Without the pictures, write the listing below out again, line for line.

-------- Recorded information --------

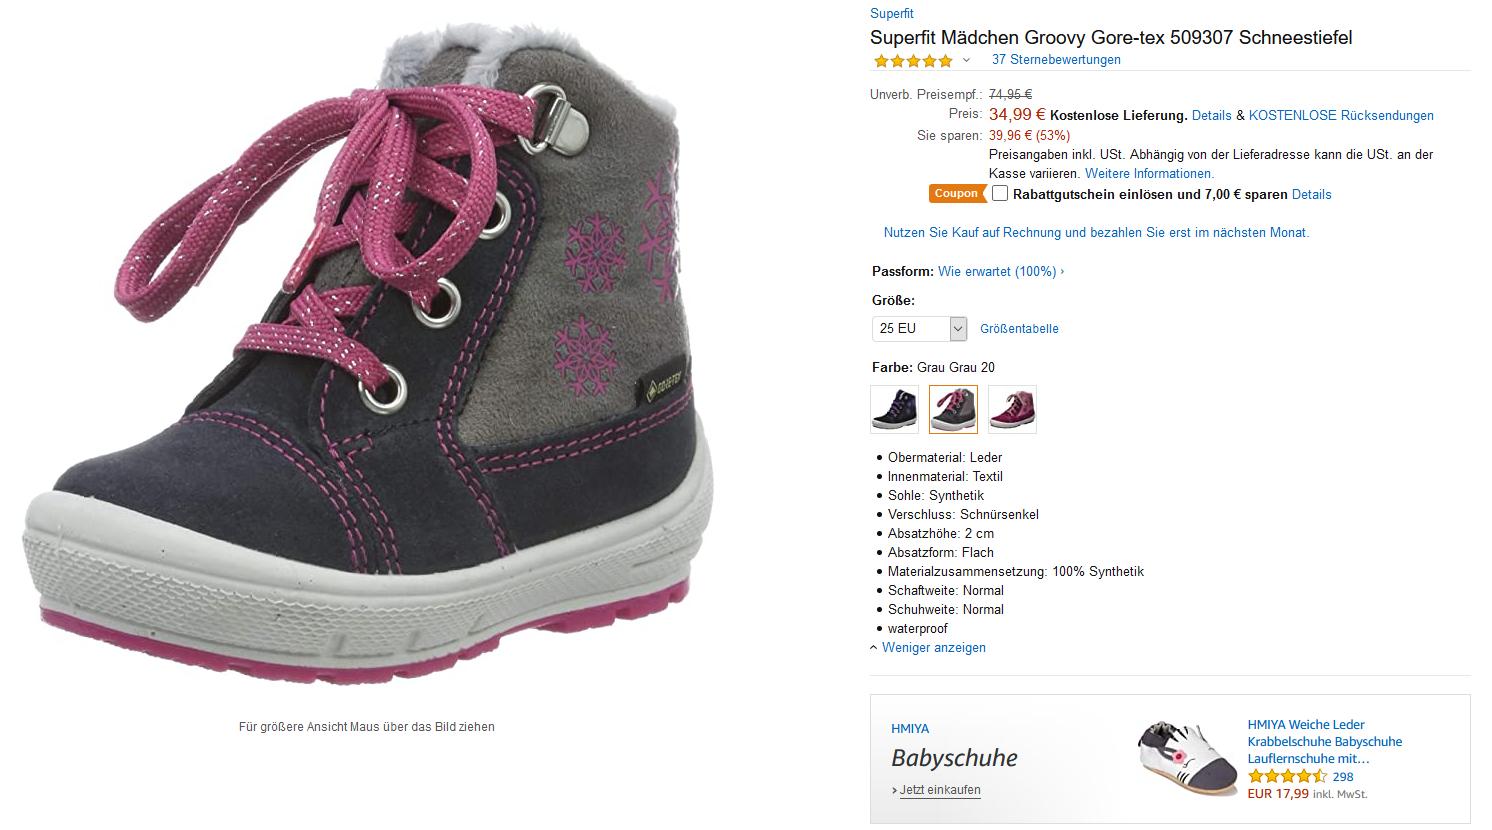 (Amazon prime) Superfit Mädchen Groovy Gore-tex 509307 Schneestiefel Kinder Schuhe Winterschuhe Kinderschuh versch. Größen
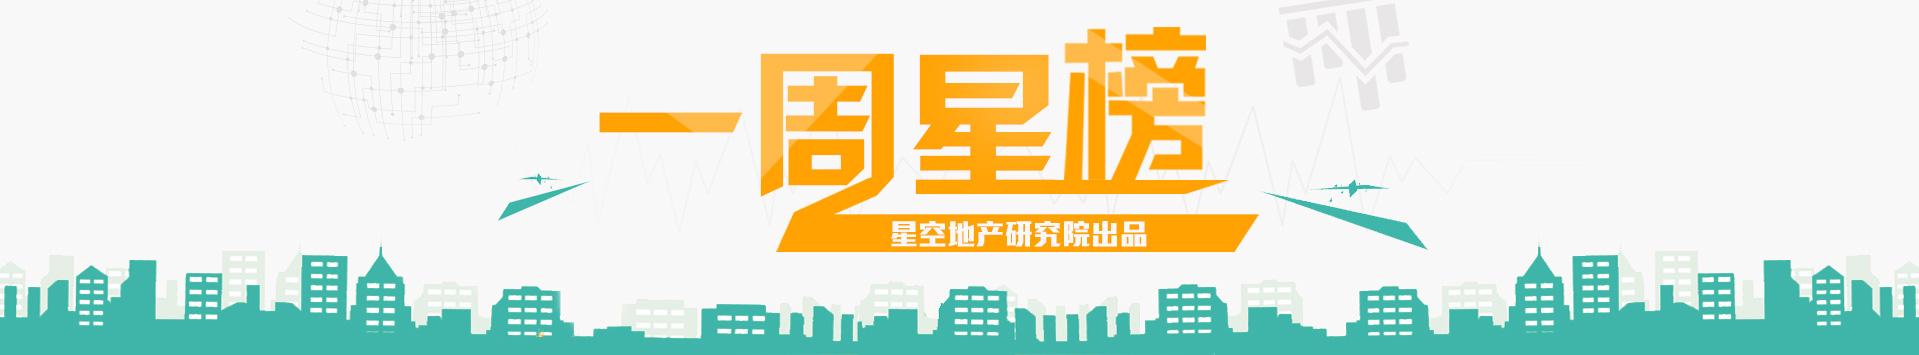 28周淮北住宅共计197套商品房备案,环比增加30套
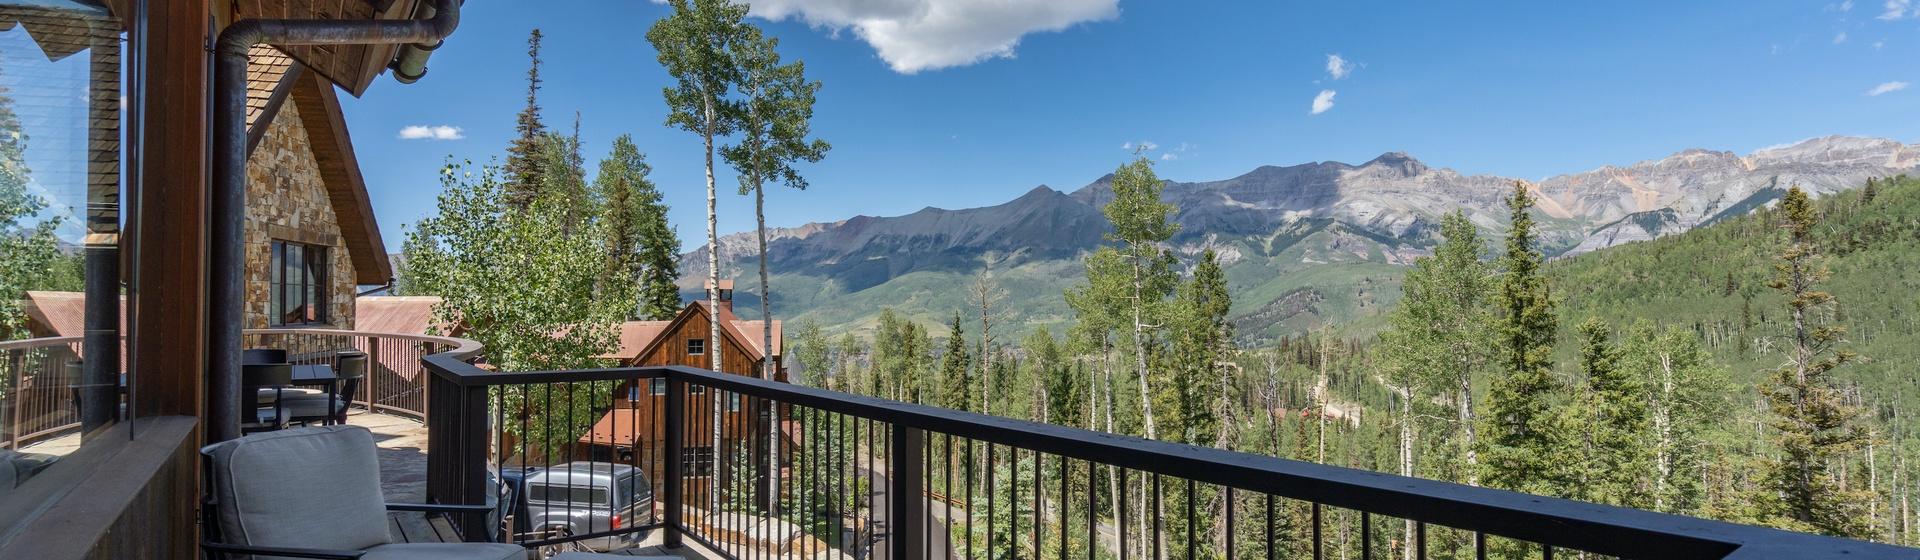 10-Mountain-Village-Birch-Cassidy-Outdoor-Deck
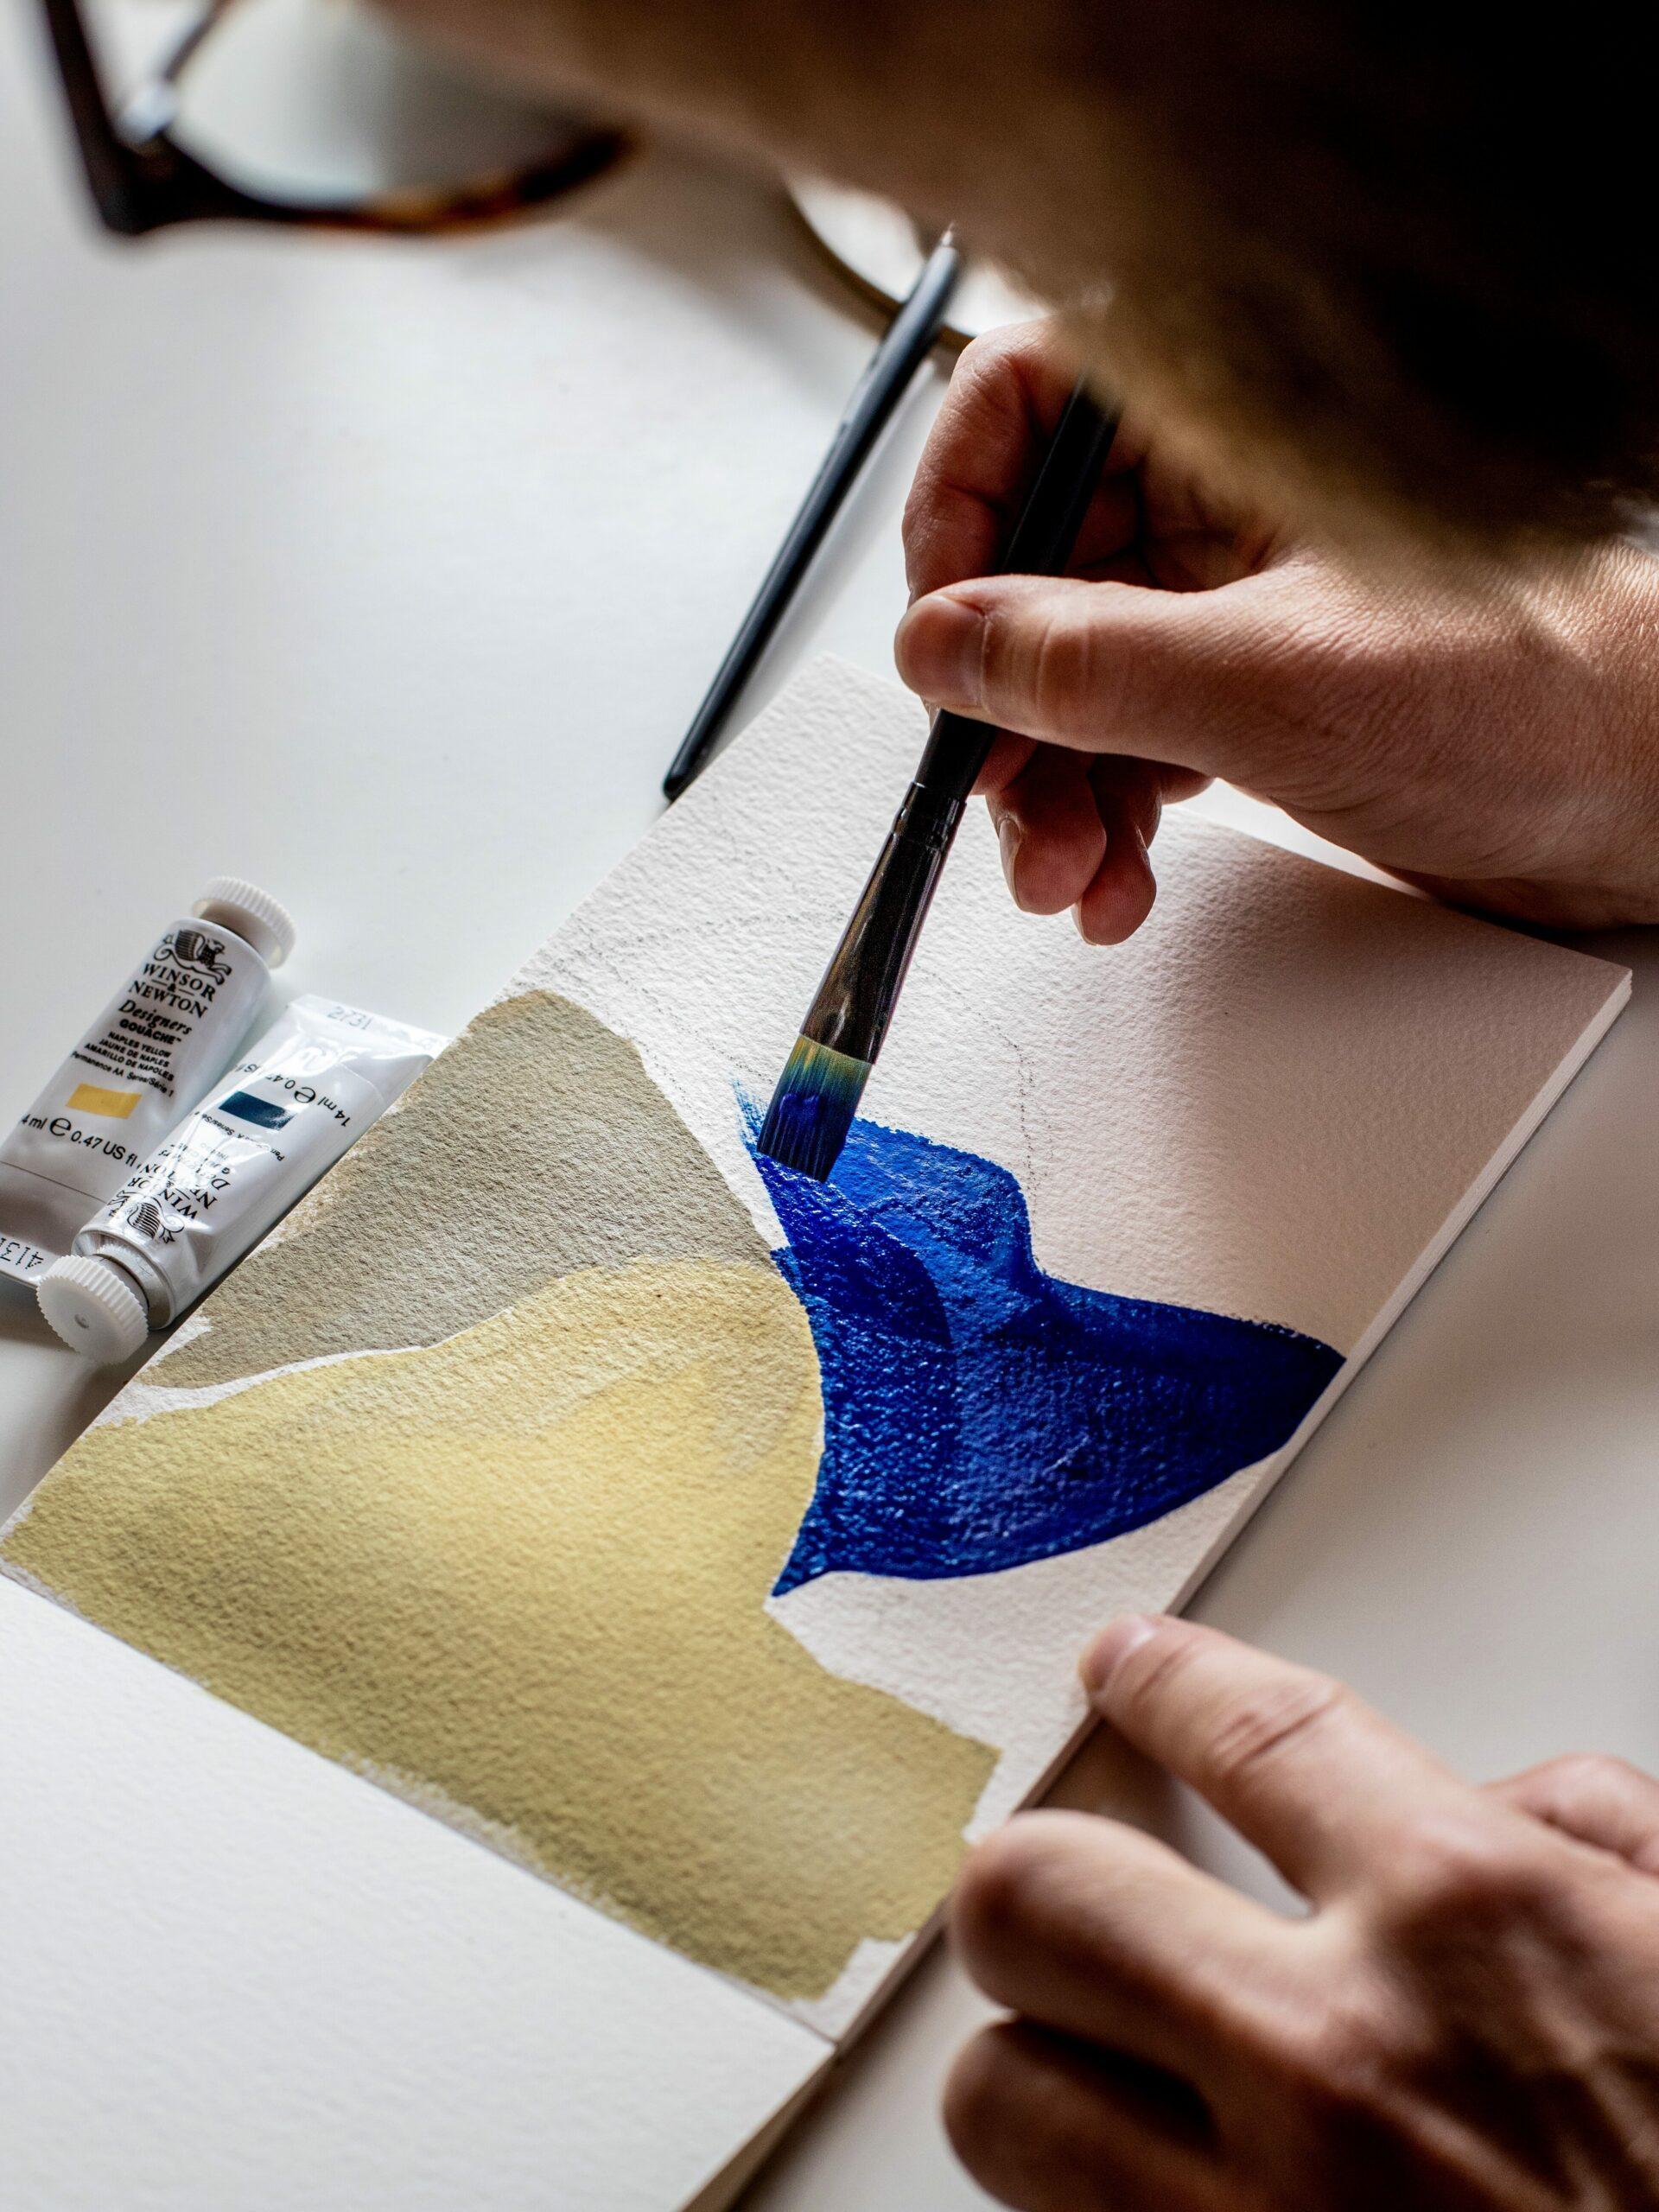 Fjelltopp packaging design in the making.

--------

Written reply —
 (Amazon prime) Superfit Mädchen Groovy Gore-tex 509307 Schneestiefel Kinder Schuhe Winterschuhe Kinderschuh versch. Größen
 28周淮北住宅共计197套商品房备案,环比增加30套
 10-Mountain-Village-Birch-Cassidy-Outdoor-Deck
 Fjelltopp packaging design in the making.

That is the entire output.